→ **Recorded data**:
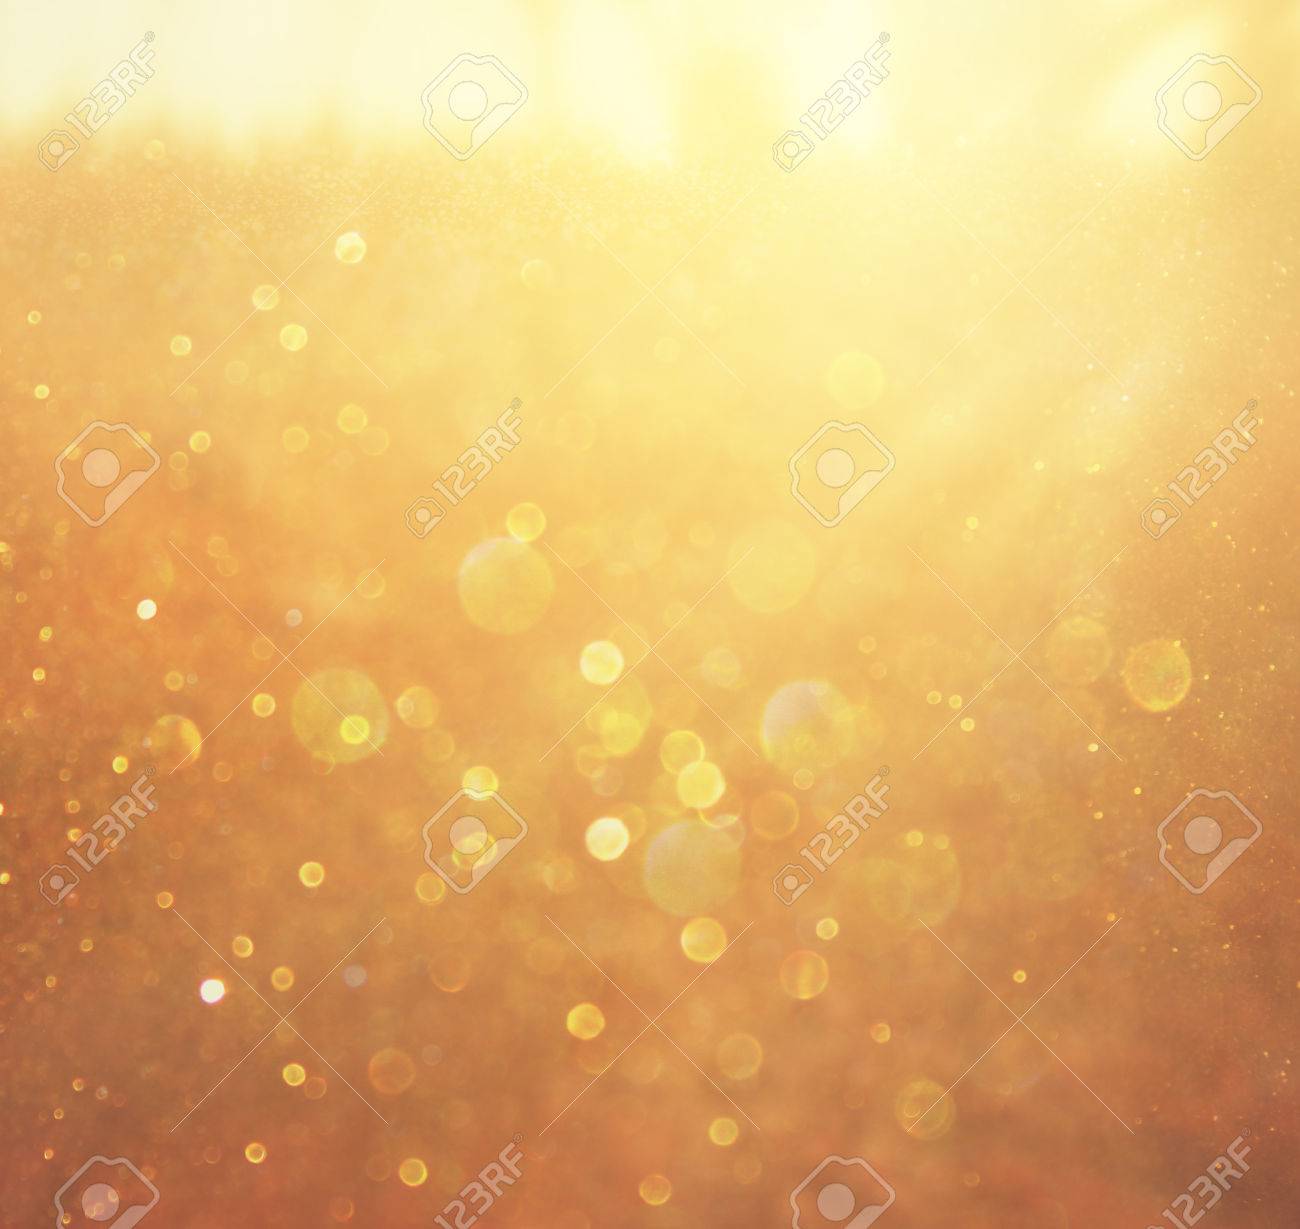 Gold And Warm Abstract Bokeh Lights Defocused Background Stock
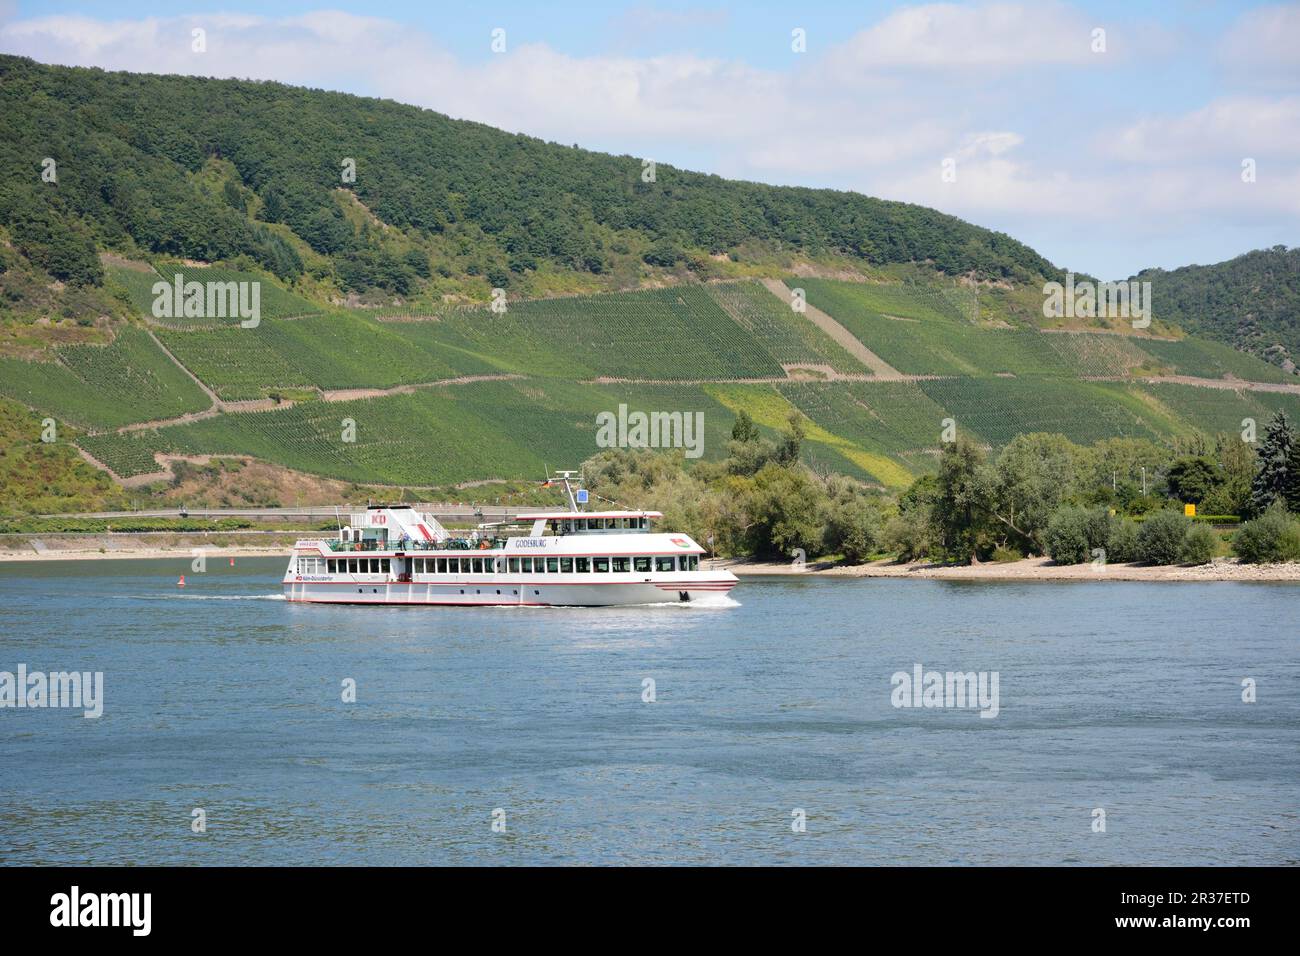 BOPPARD, GERMANY, SEPTEMBER 2: Tourists making a ship round trip on the river Rhein in Boppard, Germany on September 2, 2013. The ship Godesburg Stock Photo
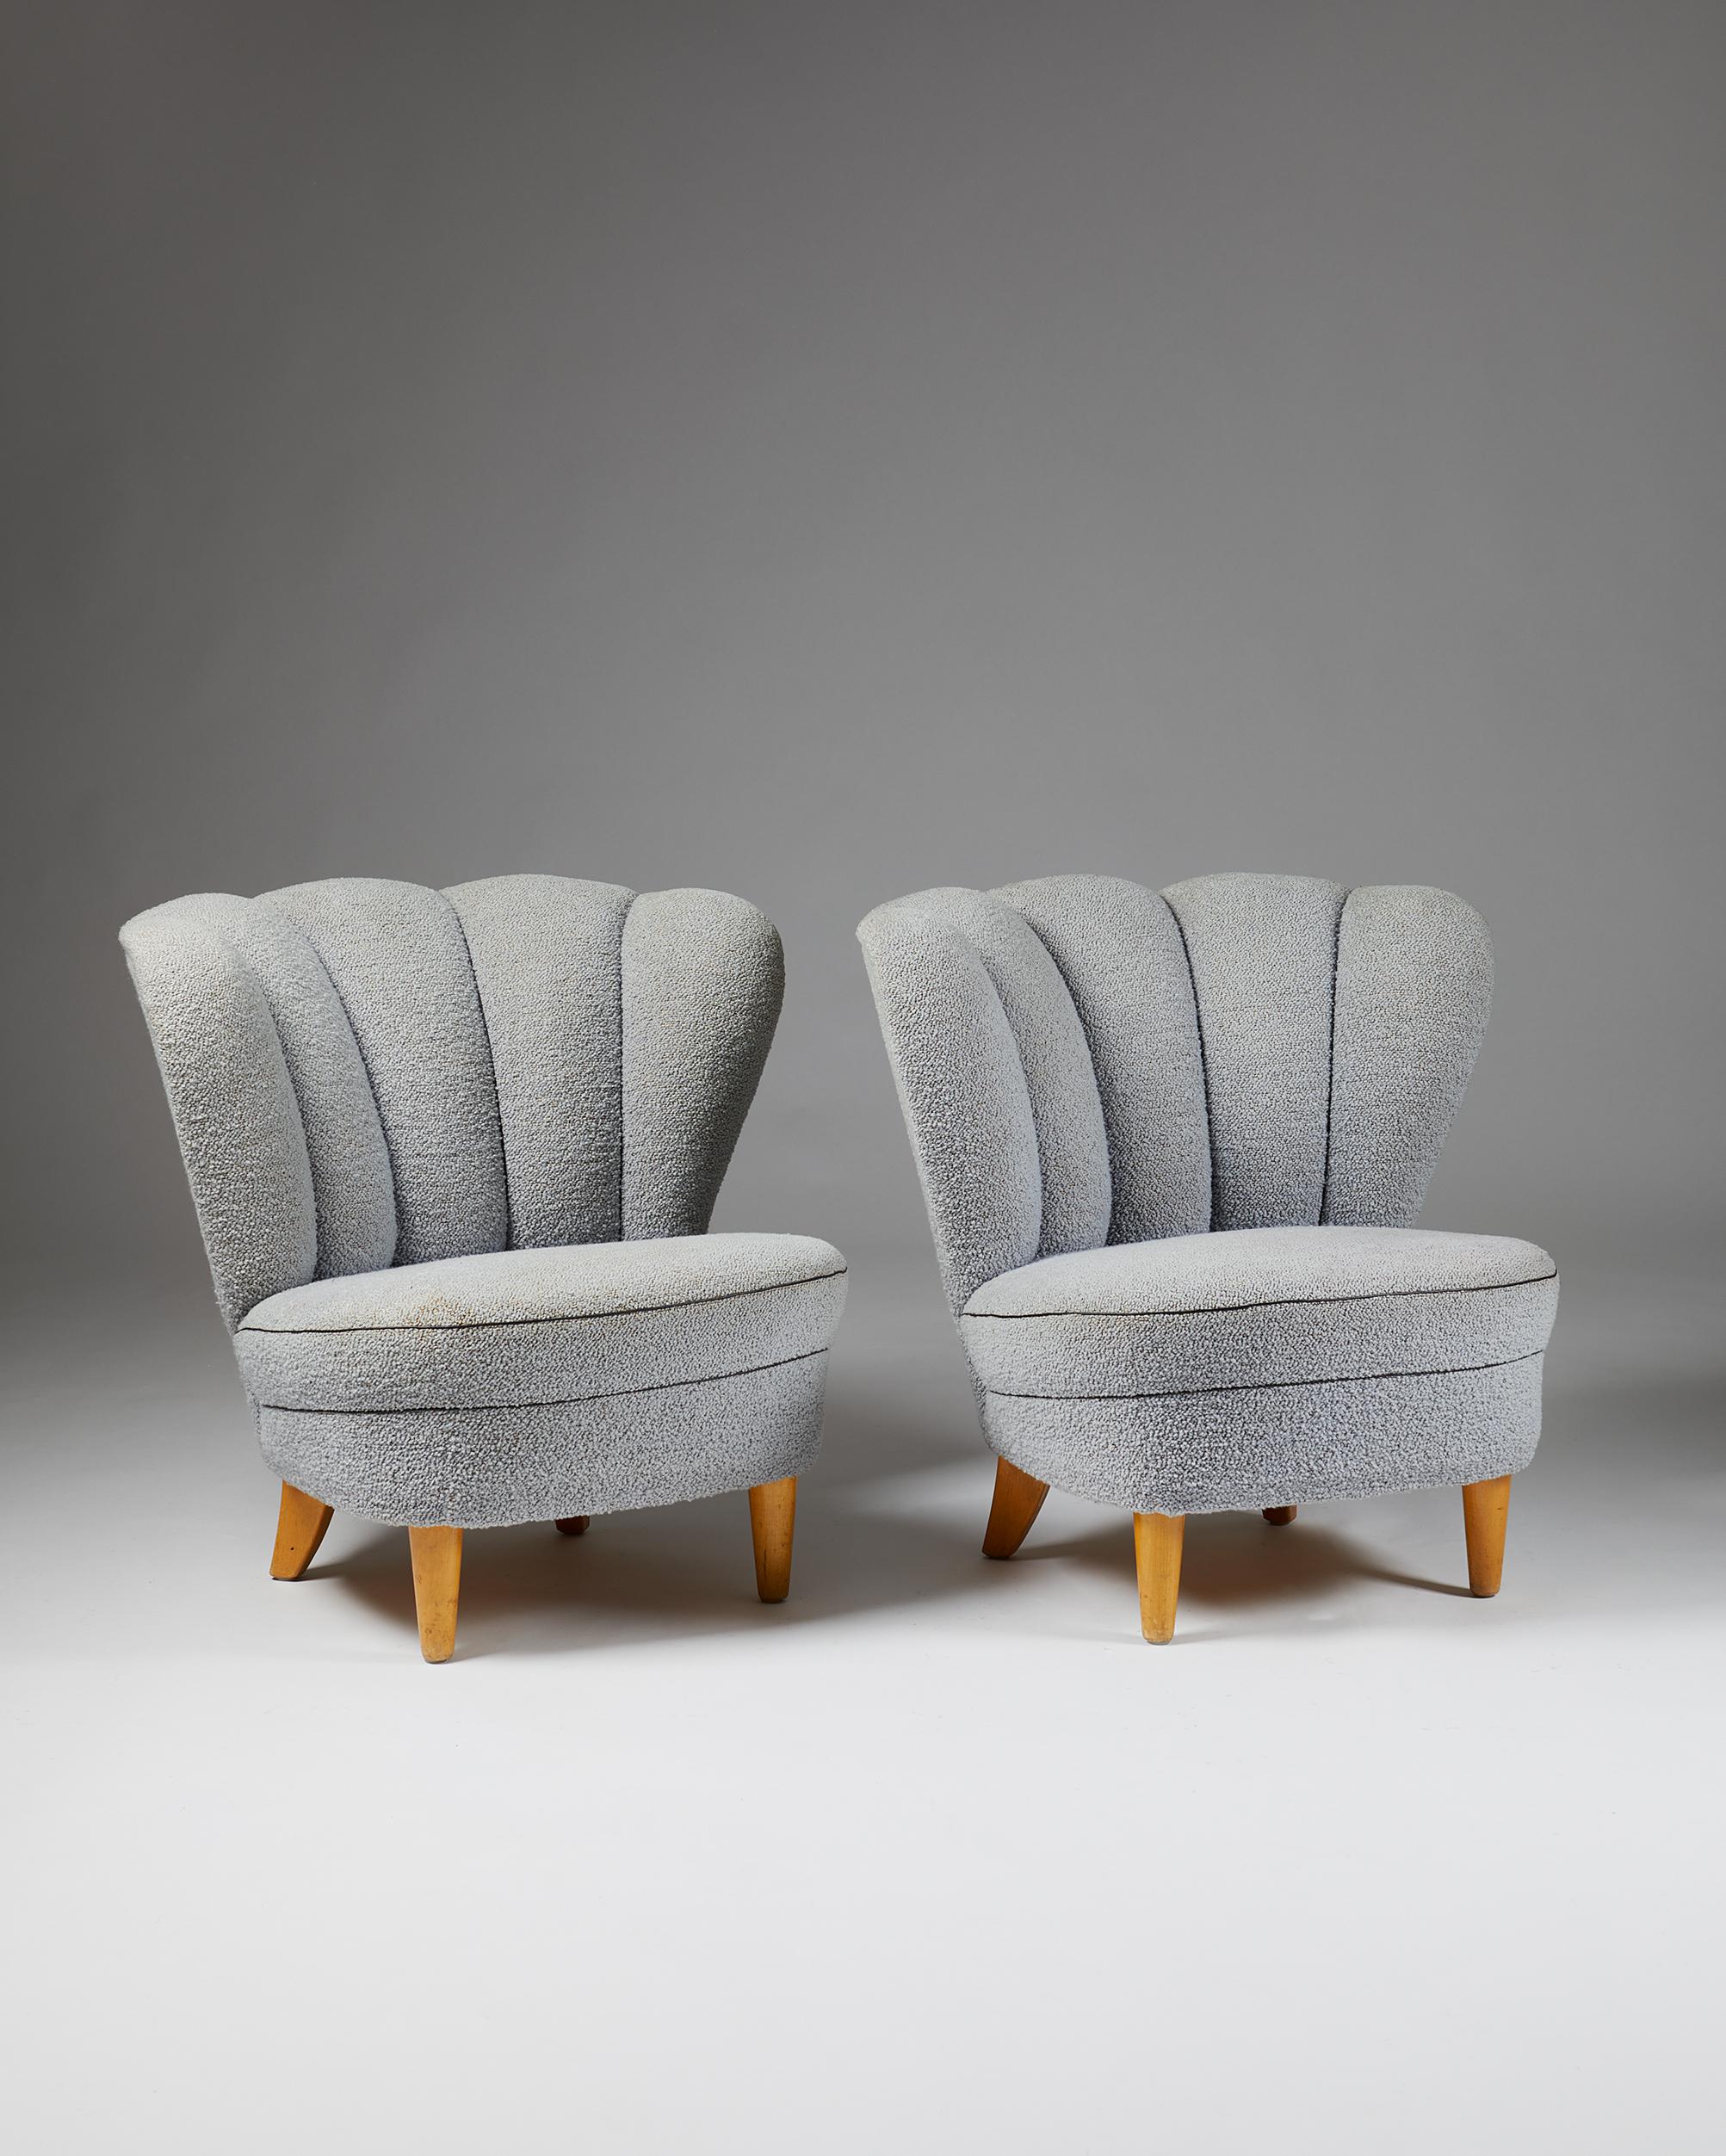 Pair of easy chairs, anonymous,
Finland. 1950's.

Birch and upholstery.

Measurements: 
H: 68 cm/ 2' 2 3/4

→ **Problem requirements**:
Only the text of the records above, copied exactly, should be returned; the pictures stay out.

→ **Output of the task**:
 Gold And Warm Abstract Bokeh Lights Defocused Background Stock
 BOPPARD, GERMANY, SEPTEMBER 2: Tourists making a ship round trip on the river Rhein in Boppard, Germany on September 2, 2013. The ship Godesburg Stock Photo
 Pair of easy chairs, anonymous,
Finland. 1950's.

Birch and upholstery.

Measurements: 
H: 68 cm/ 2' 2 3/4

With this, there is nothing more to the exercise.